He was also critical of Barr’s statement that much of what has been presented so far by the Trump campaign and its allies amount to allegations that belong in lawsuits, not federal crimes.

“This is not civil. This is criminal stuff. This is very bad, criminal stuff,” Trump said.

Stirrup, who previously was a central figure in the Trump administration’s push for hard-line immigration policies, technically remains in her position after being placed at the Justice Department by the White House Office of Presidential Personnel.

The Trump administration has been working to have liaisons report directly to the White House instead of the agencies where they work. Across the administration, there have been concerns that the liaisons were undercutting the work not just of career professionals but also of Trump’s political appointees.

Shortly after the election, the presidential personnel office had also instructed the liaisons to fire any political appointees who were looking for jobs while Trump refused to accept the election results.

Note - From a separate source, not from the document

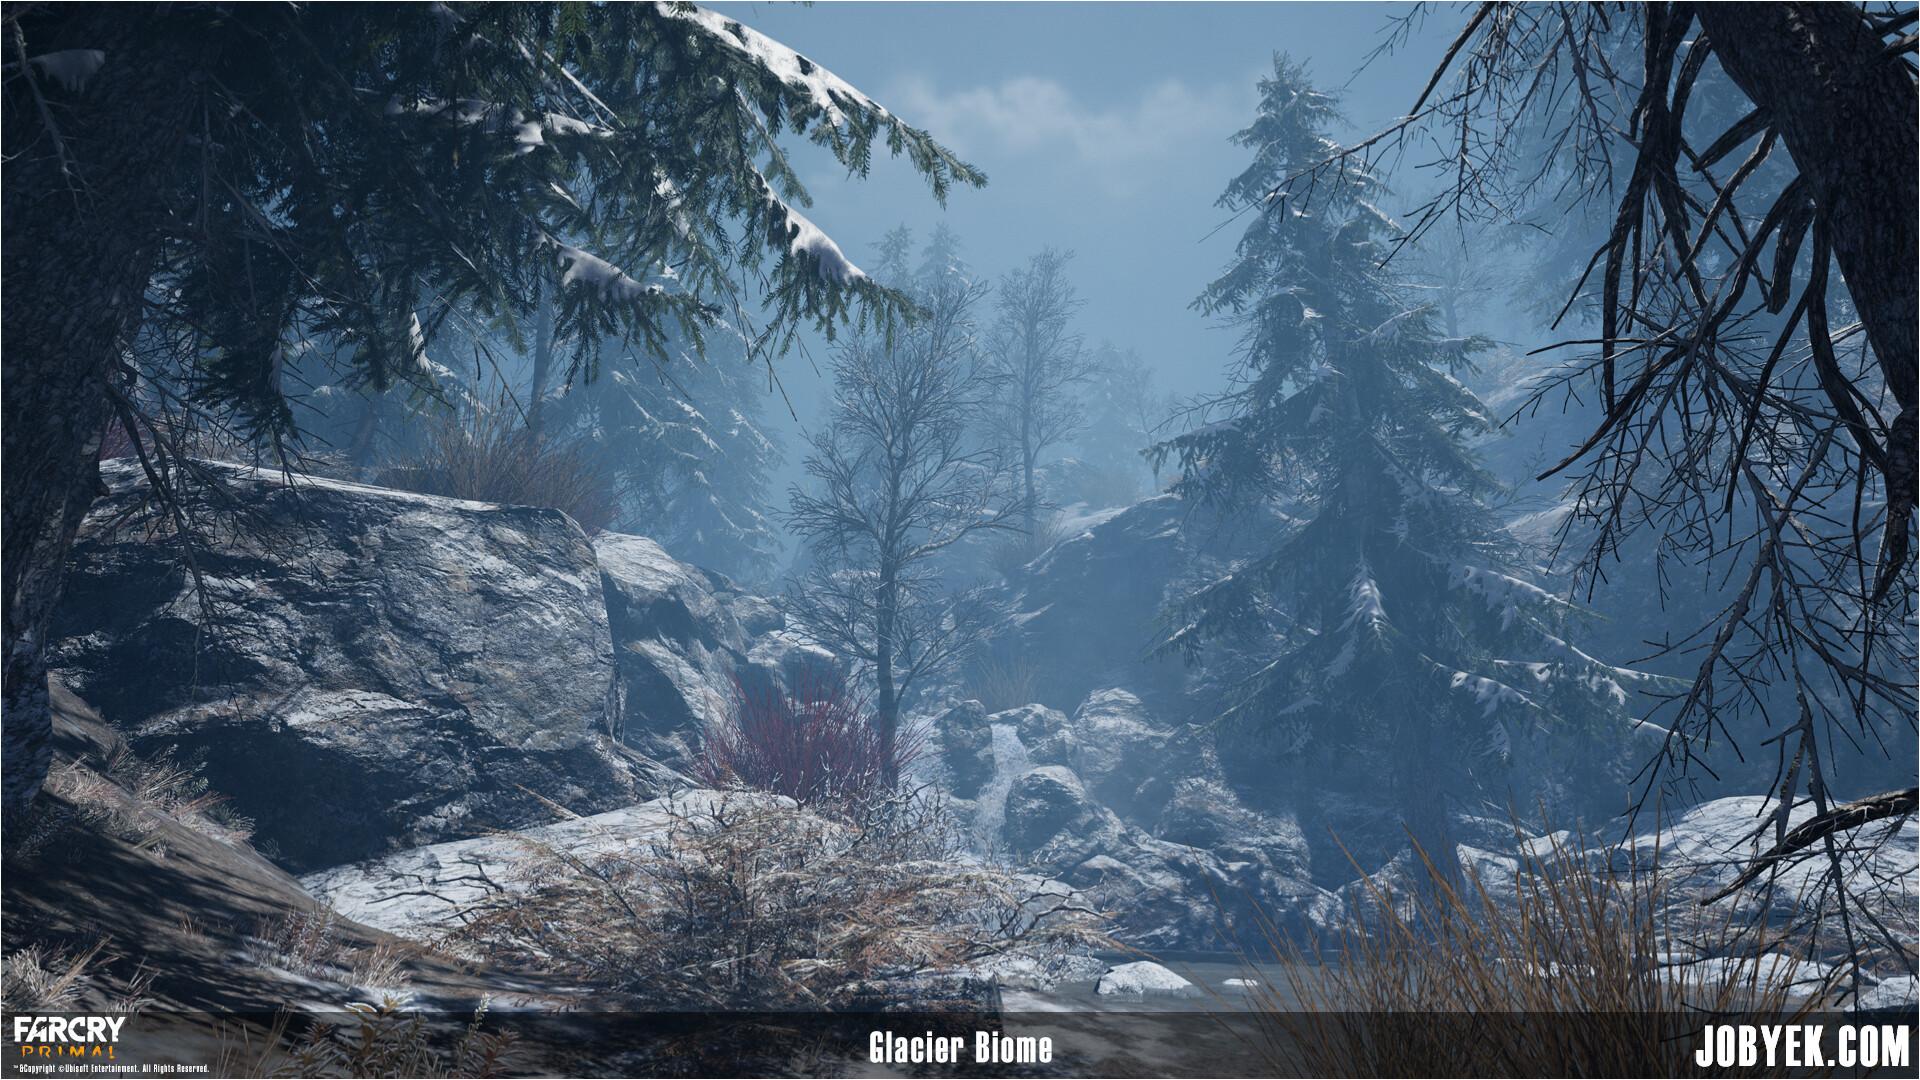 Glacier Biome

Trump’s term ends at noon on Jan. 20. Several thousand political appointees across the government will see their jobs end by that date.

The White House personnel office has been headed by former Trump personal assistant John McEntee, who has renewed Trump’s push to rid the administration of those deemed “disloyal” to the president.

In September, Housing and Urban Development Secretary Ben Carson inadvertently made public his anger with McEntee when cameras captured writing on the back of a page he was consulting during a speech.

In a reference to the White House Presidential Personnel Office, Carson’s notes said: “I am not happy with the way PPO is handling my agency.” It’s a sentiment that has been shared across the government.

Stirrup, a close ally of Miller, previously served as the acting director of the Office of Refugee Resettlement and was also a deputy White House liaison at the Department of Health and Human Services.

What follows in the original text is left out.